PROBLEM TO WORK ON
The full listing, word for word and free of images, is the expected result.

RECORDED DATA
Segment Open
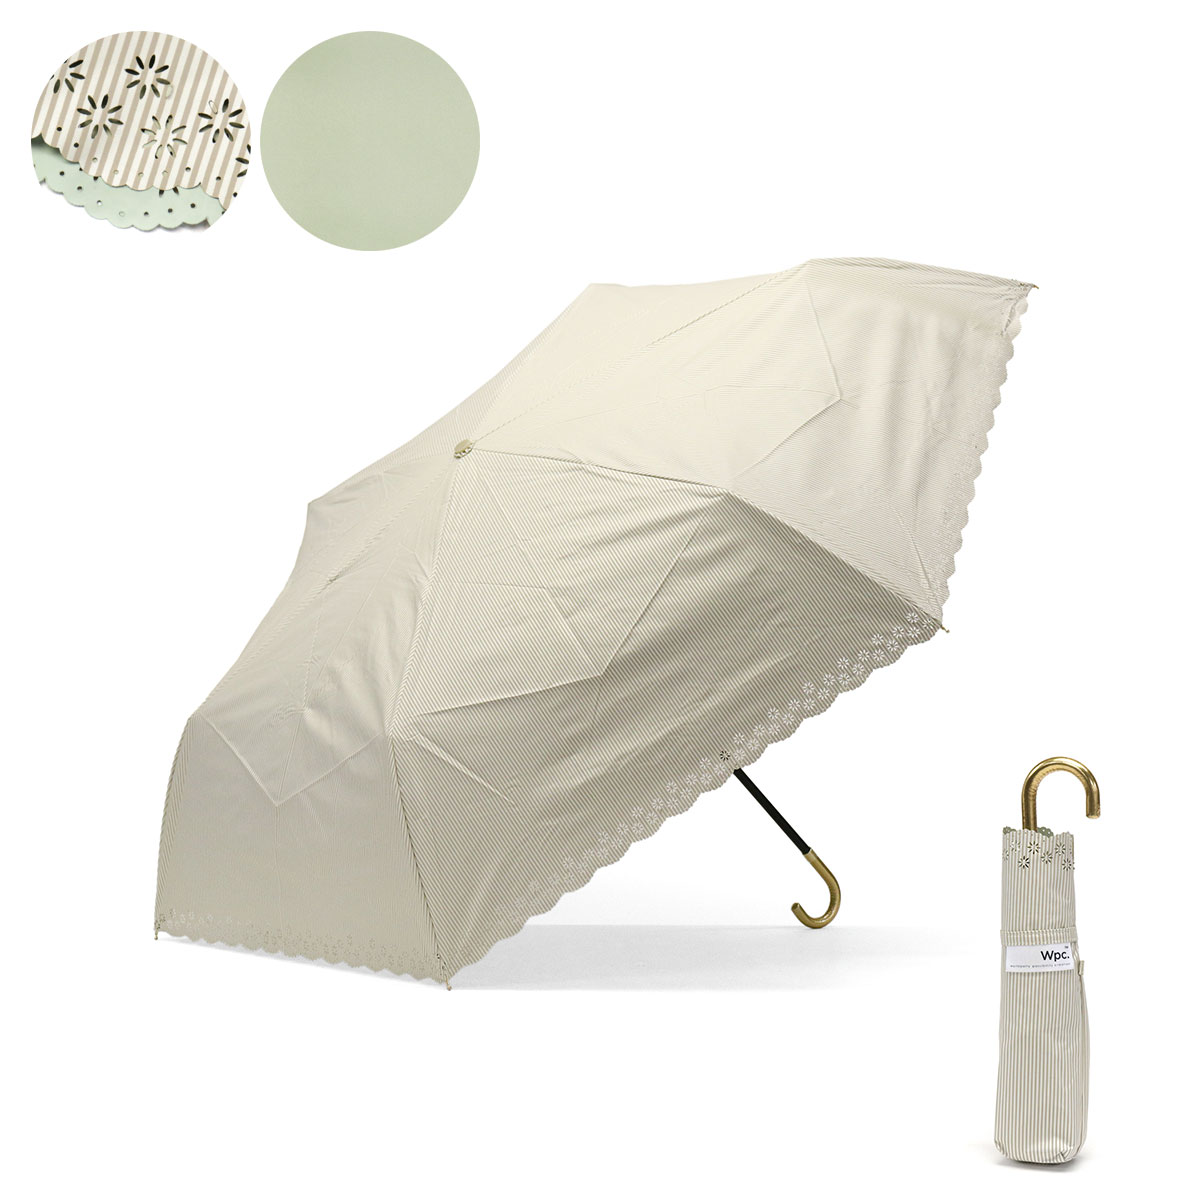 ダブリュピーシー 日傘 Wpc. Wpc 遮光フラワーカットストライプ 雨傘 折り畳み傘 晴雨兼用 ...
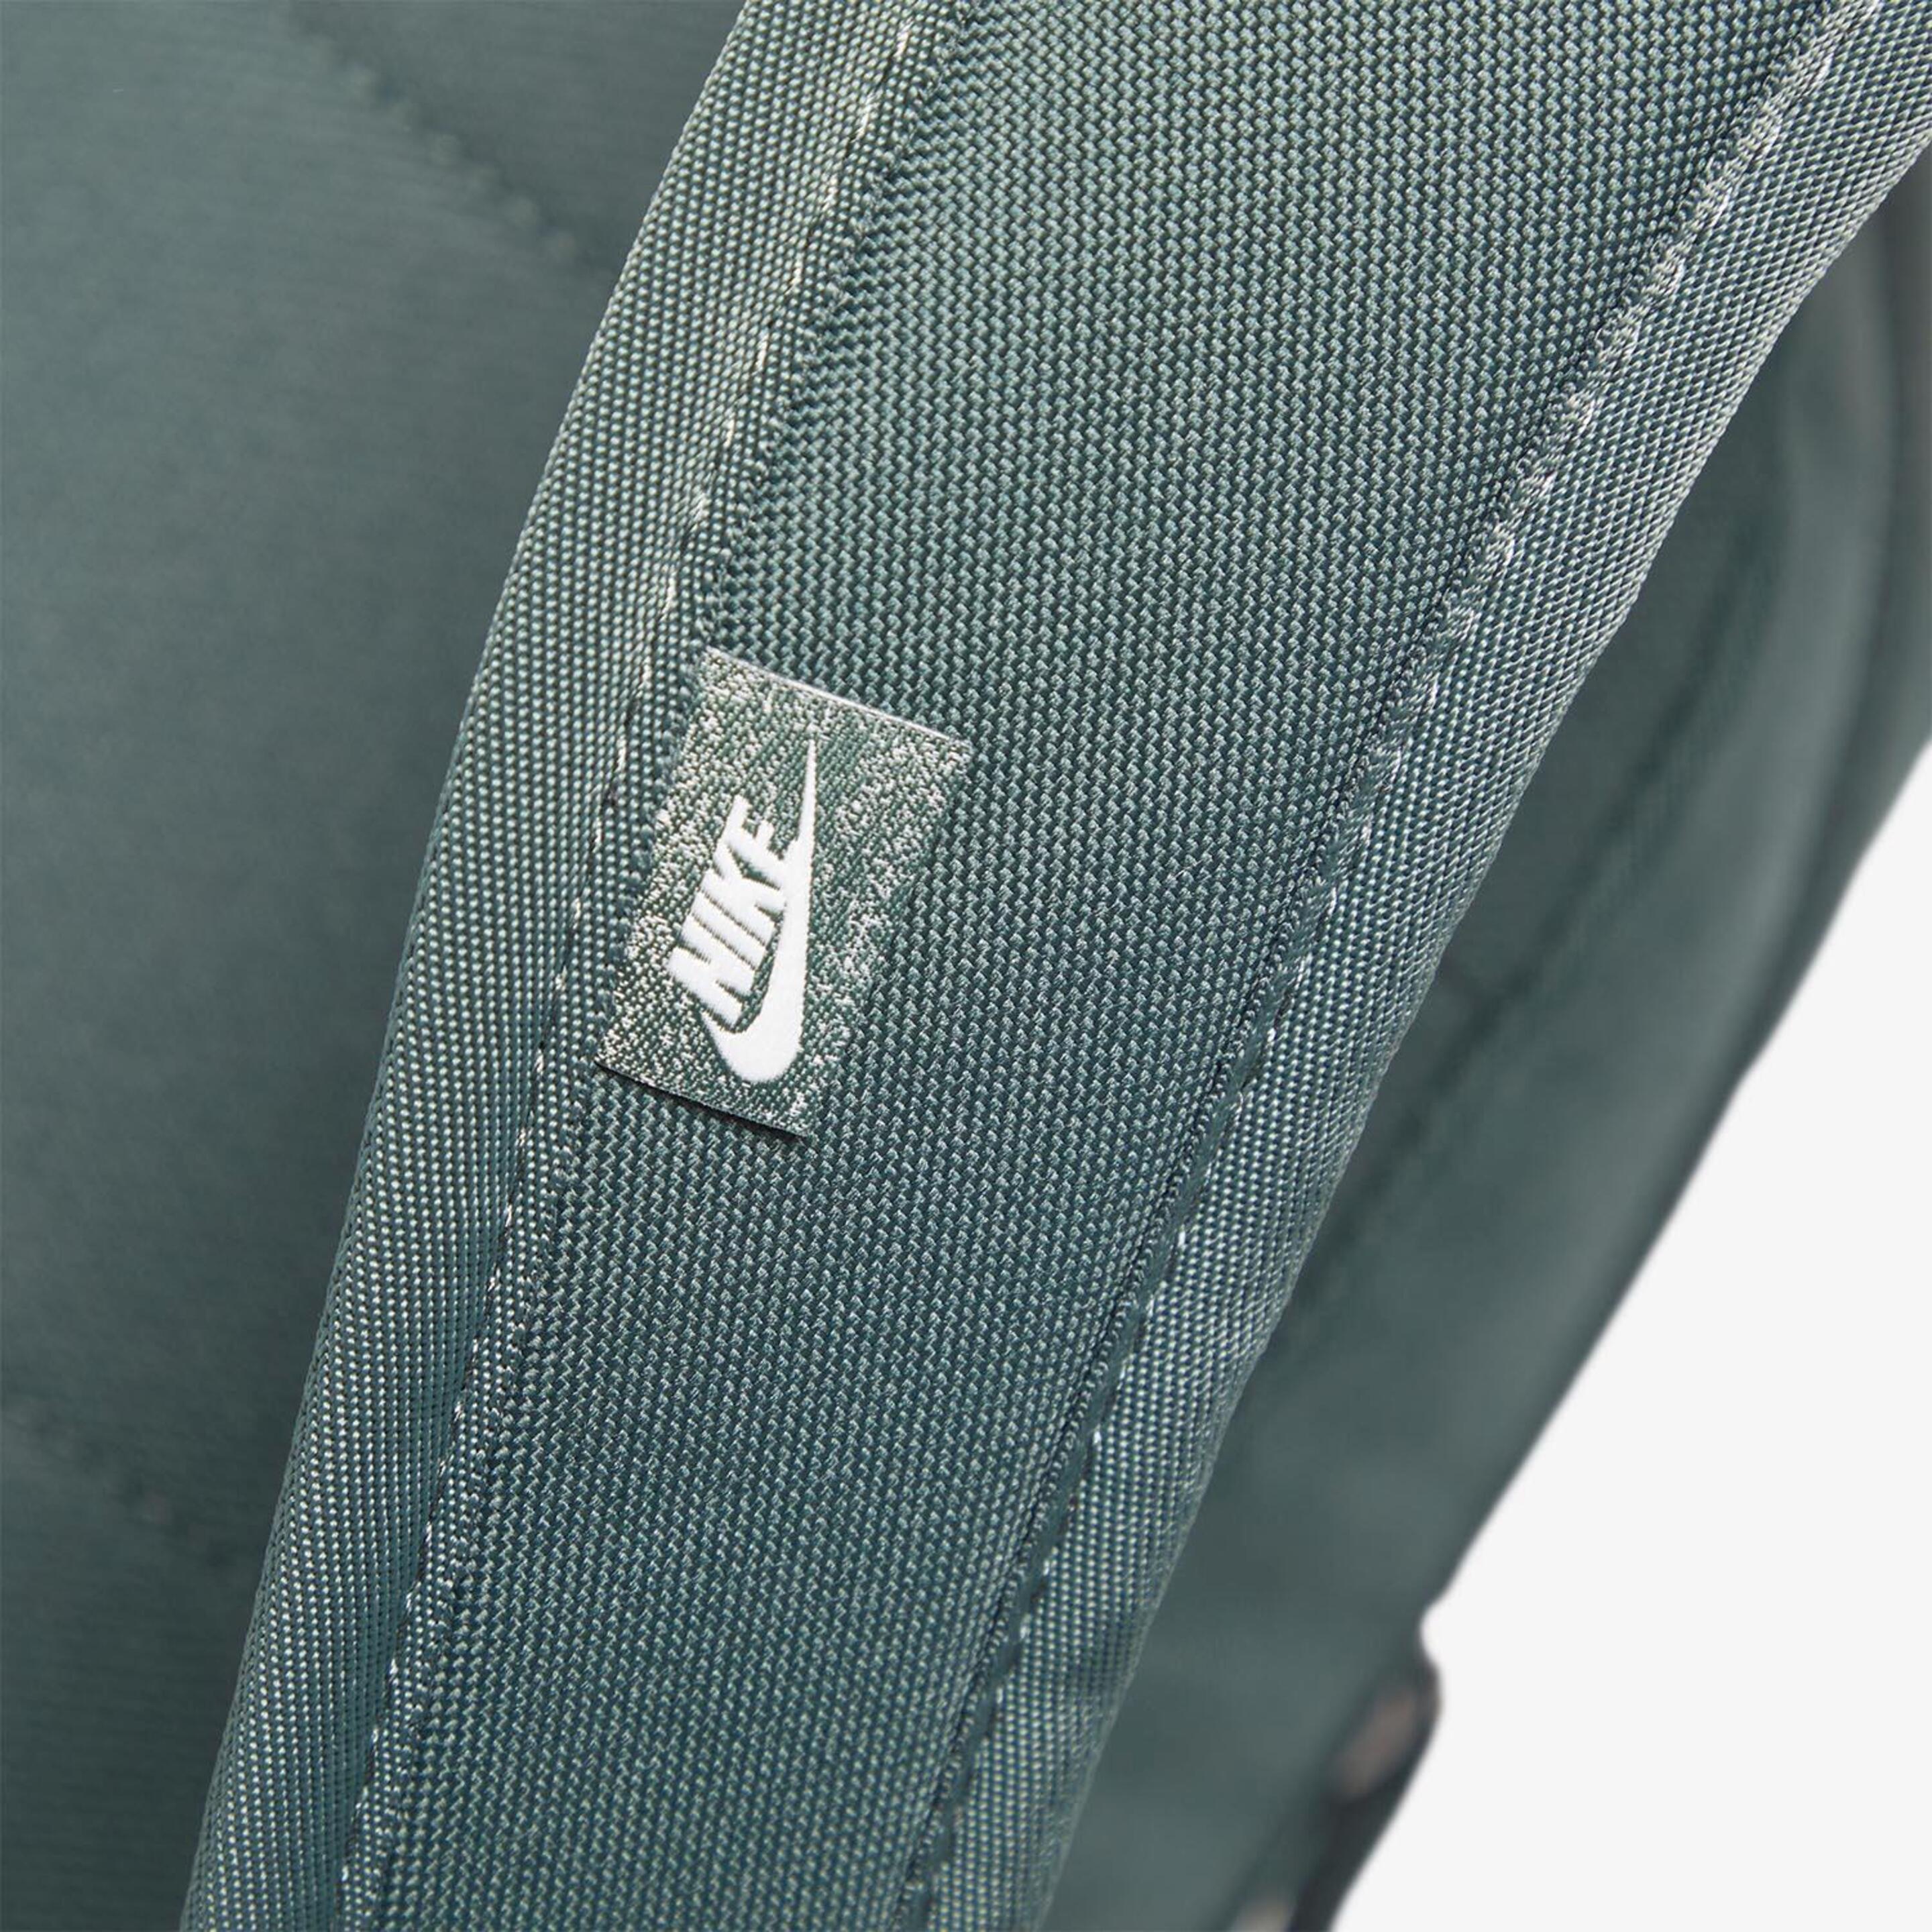 Nike Elemental - Verde - Mochila 21 L
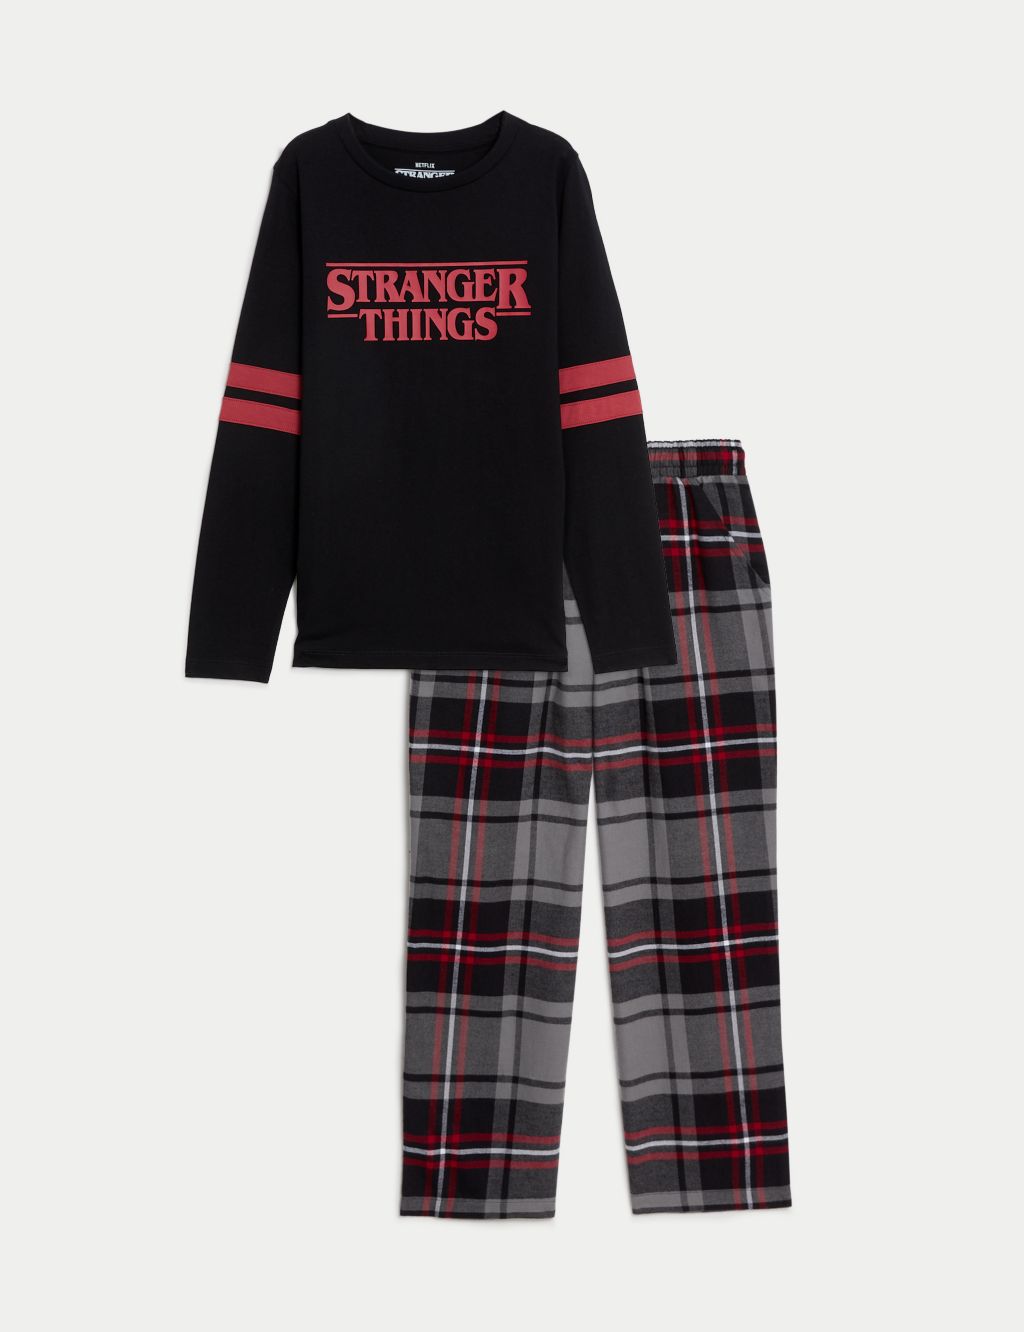 Stranger Things™ Pyjamas (6-16 Yrs) image 2
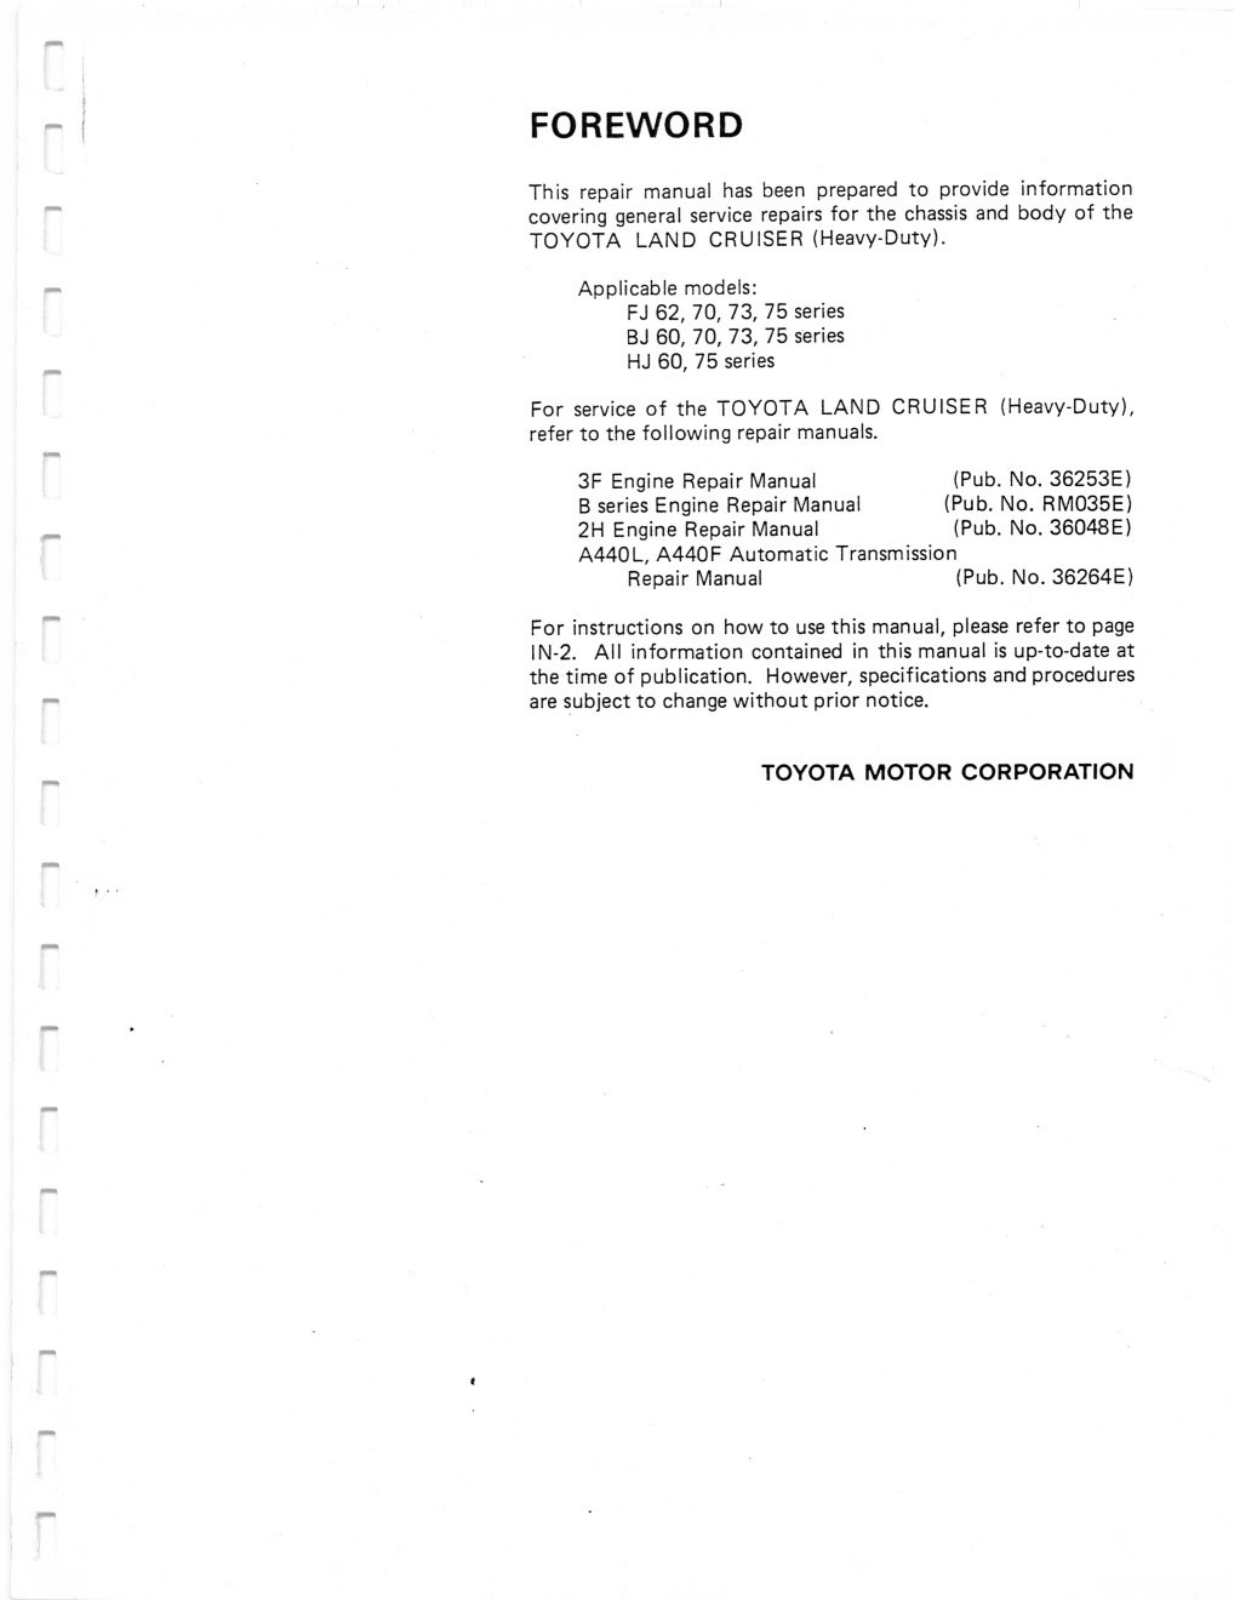 Toyota LAND CRUISER 1994 User Manual
Segment Closed
EXERCISE RESPONSE
 ダブリュピーシー 日傘 Wpc. Wpc 遮光フラワーカットストライプ 雨傘 折り畳み傘 晴雨兼用 ...
 Nike Elemental - Verde - Mochila 21 L
 Stranger Things™ Pyjamas (6-16 Yrs) image 2
 Toyota LAND CRUISER 1994 User Manual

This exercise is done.